## [What the task asks]
The answer is the exact run of lines in the listing below from the line containing "Graduation Favor Ideas For A Beach Party" up to and including the line containing "Graduation Party Ideas Free Printables", with pictures removed.

## [Input]
-*-

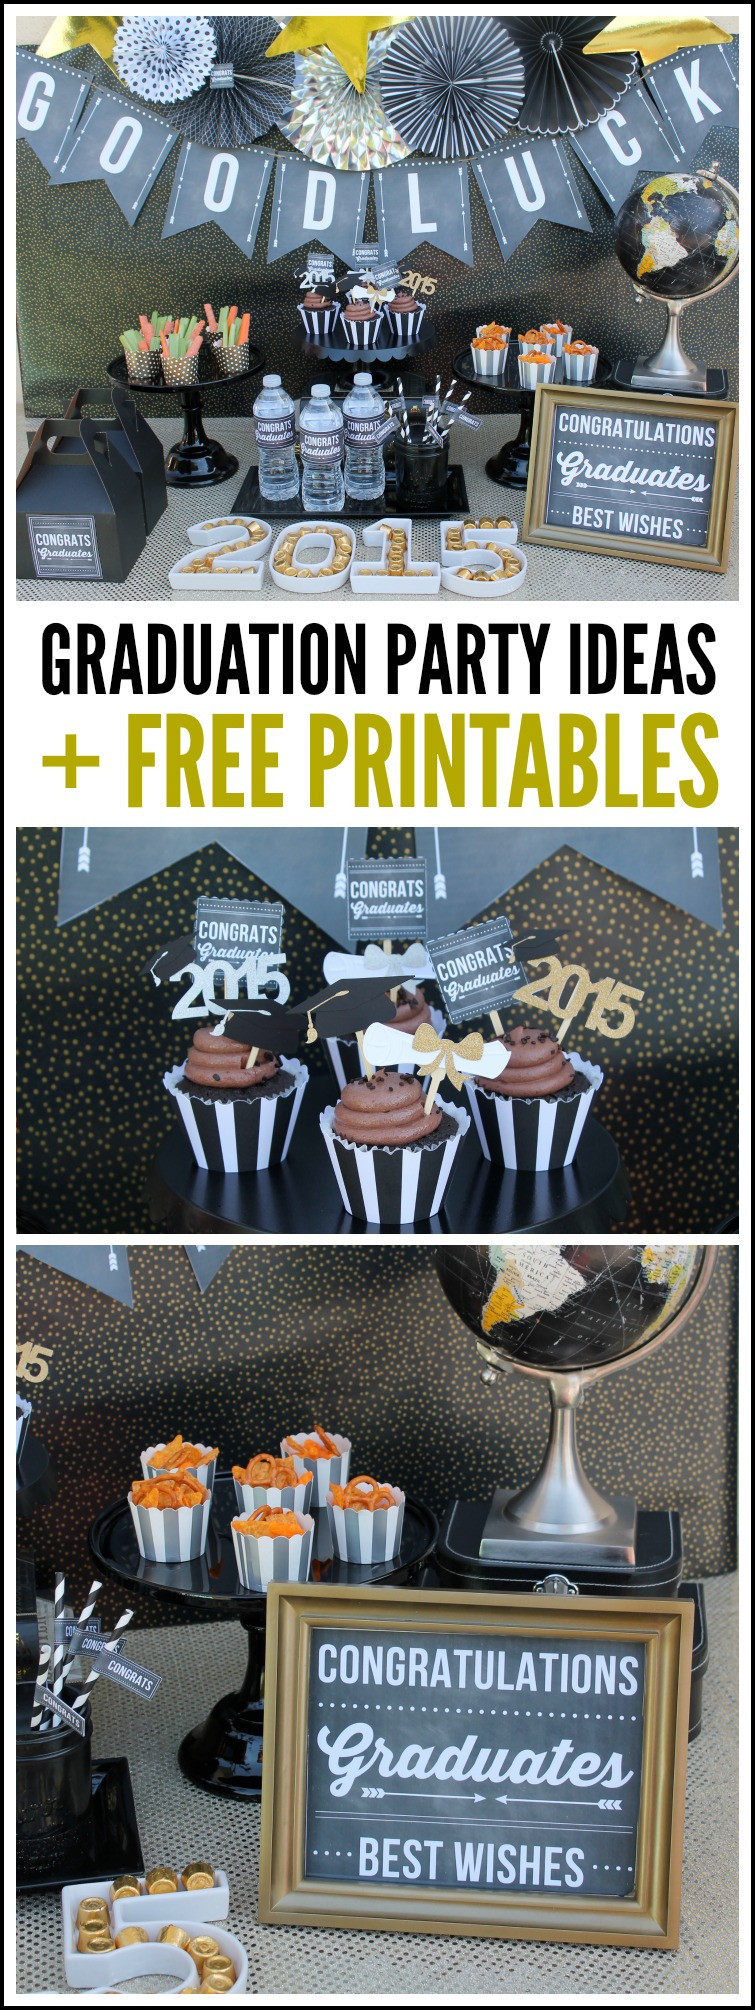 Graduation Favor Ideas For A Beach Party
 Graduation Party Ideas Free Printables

-*-

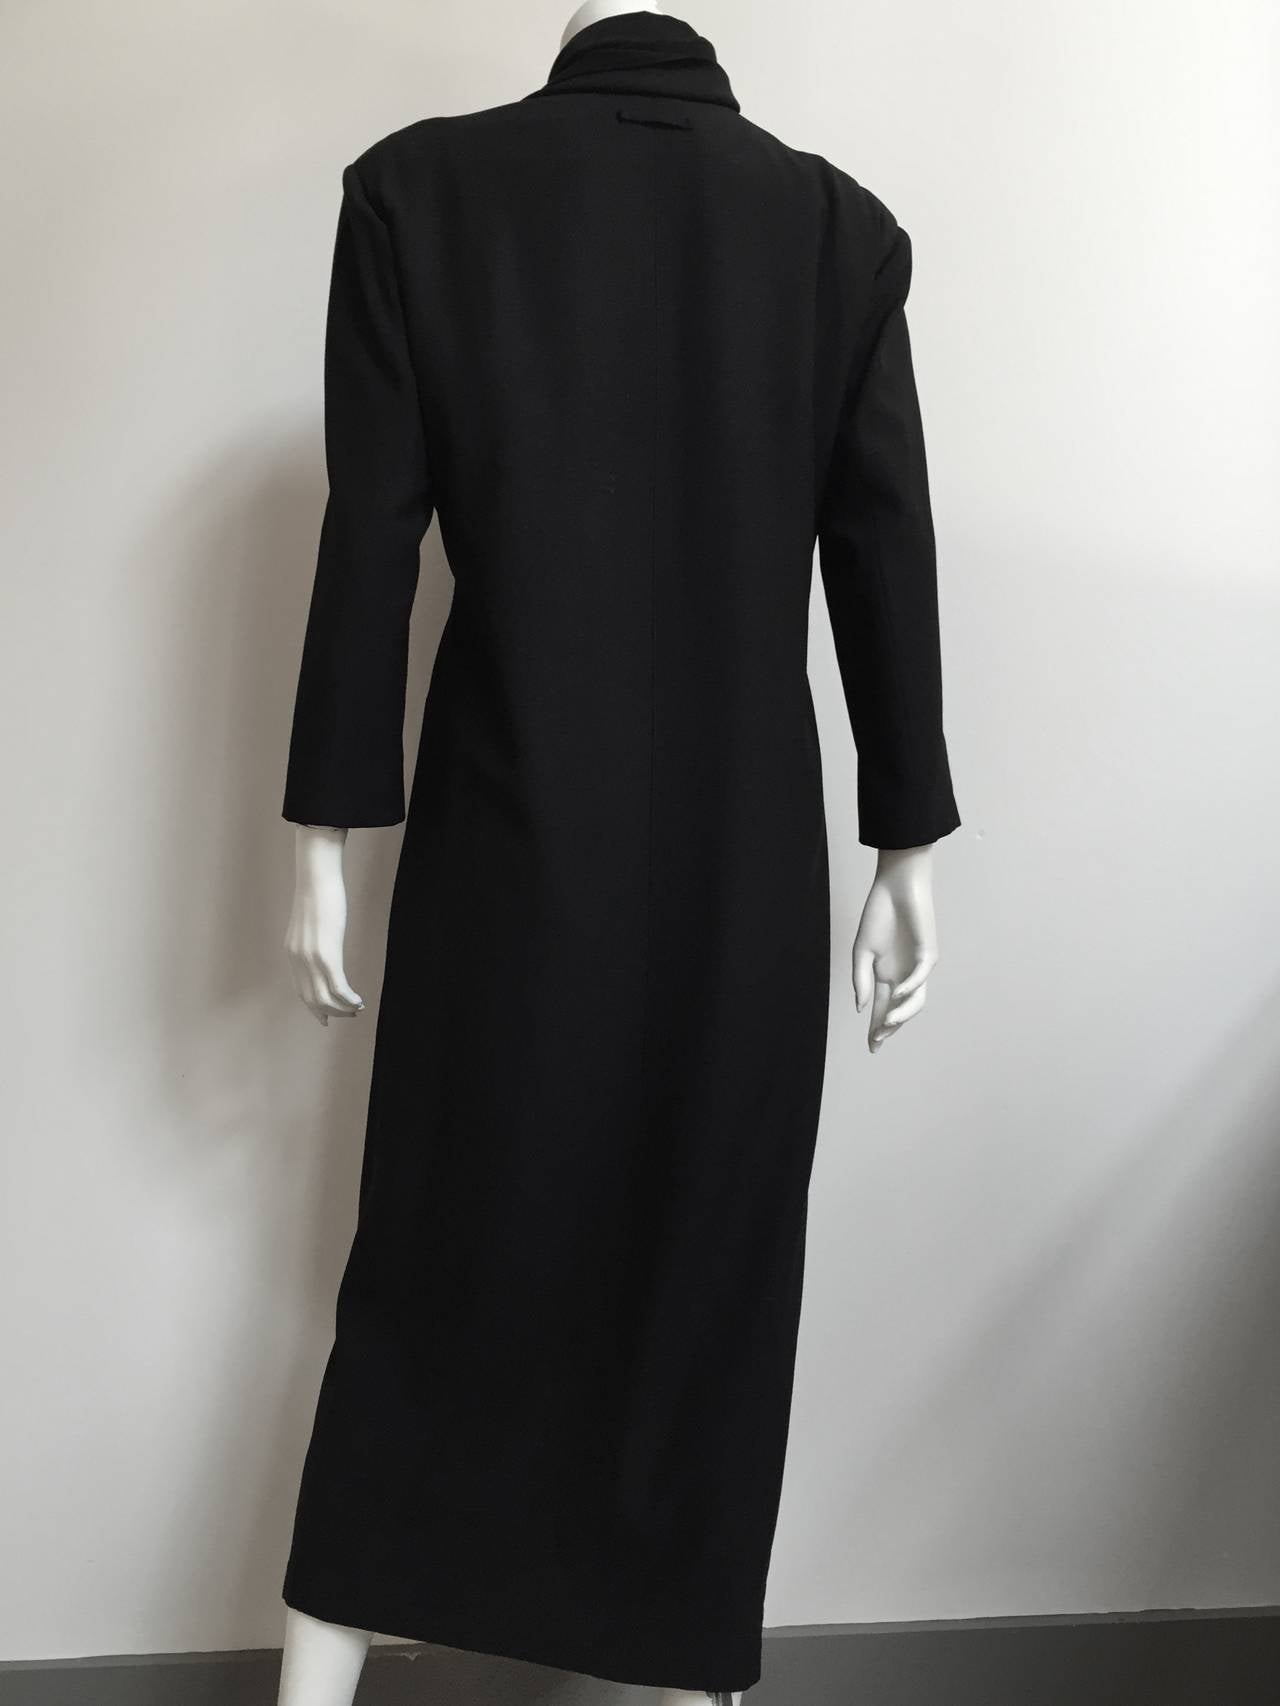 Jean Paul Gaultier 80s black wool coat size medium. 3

-*-

## [Result of this exercise]
 Graduation Favor Ideas For A Beach Party
 Graduation Party Ideas Free Printables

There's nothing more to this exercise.